Segolene Royal attacks Paris Match over photos
France has strict privacy laws that theoretically ban the press from publishing details of personalities' private lives without their permission, although magazines often break the rules and pay the resulting fines.Paris -- French politician Segolene Royal will go to court to seek damages after news weekly Paris Match published pictures of her walking hand in hand with a man in a Spanish street, she said Thursday.
This week's cover story shows Royal, the defeated Socialist candidate in France's 2007 presidential election, enjoying a private moment in Marbella with a man described as a little-known 58-year-old board games publisher.
France has strict privacy laws that theoretically ban the press from publishing details of personalities' private lives without their permission, although magazines often break the rules and pay the resulting fines.
"They are stolen photos, once again,” Royal, 55, told reporters at a news conference to launch a solar energy strategy for her region Poitou-Charentes. “It might be nice if I could get a little peace and quiet."

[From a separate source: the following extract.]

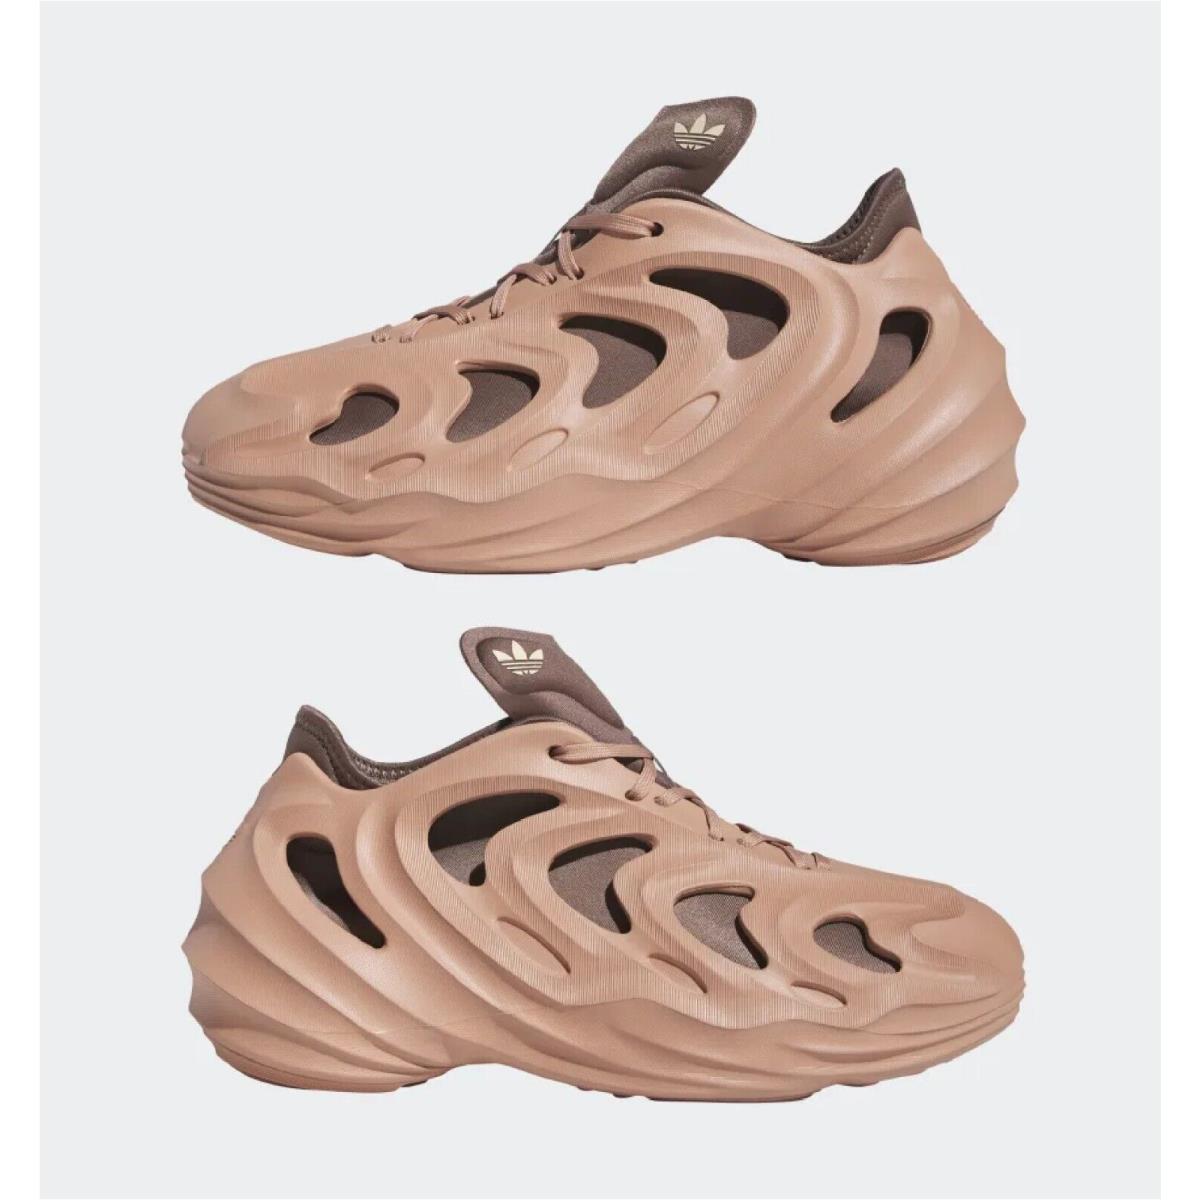 IE4701 Adidas Adifom Q Men`s Sneaker Shoes Tan/brown - Tan/Brown

Royal emphasized that this event was not an isolated one, "It's not the first time that Match has stolen pictures,” she said. “I've warned them before but never made a complaint. Since they're starting again, I think I'll make sure that the law is enforced."
Royal's friend and lawyer Jean-Pierre Mignard told Europe 1 radio that he would make a complaint against Paris Match for having invaded her privacy.
"We won't let this pass," he warned, accusing unnamed forces of conspiring to undermine his client's political work by turning her public image into that of a celebrity rather than that of a serious campaigner.
Mignard suggested the photographs had been taken to distract attention from Royal's visit to Pointe-a-Pitre on the French Caribbean island of Guadeloupe in support of protests to demand better living standards there.
The magazine denounced the complaint as hypocritical.
"In going to Guadeloupe in a personal capacity, on the sidelines of the negotiations and without any Socialist Party mandate, Segolene Royal showed her desire to appear in the media ahead of upcoming elections," the editors wrote in a message on the magazine's website. "Why would photographers be welcome to cover her in Pointe-a-Pitre and not in the streets of a Spanish resort? Let's put an end to this hypocrisy."
The editors also said they did cover Royal as a political figure. "Segolene Royal has appeared on the cover of Paris Match seven times in the course of the past two years,” they said. “The first time, on October 5, 2006, it was under the title 'The irresistible rise.'”
Paris Match published three photos of Royal and her friend. Both wear dark glasses but neither appear to notice or seek to avoid the camera.
Royal is wearing her trademark blue tunic over blue trousers, a look she unveiled in September when she staged a rally for 4,000 supporters at a Paris concert venue during her failed campaign for the Socialist leadership.
The other pictures that accompany the article are a warm tribute to Royal's independent spirit. The pictures show her at work meeting strike leaders in Guadeloupe last week and attending the funeral of a slain labour activist.
Royal, a mother of four, split from long-term partner Francois Hollande, who was then the Socialist Party’s general secretary, a few weeks after she was defeated by President Nicolas Sarkozy in the 2007 election.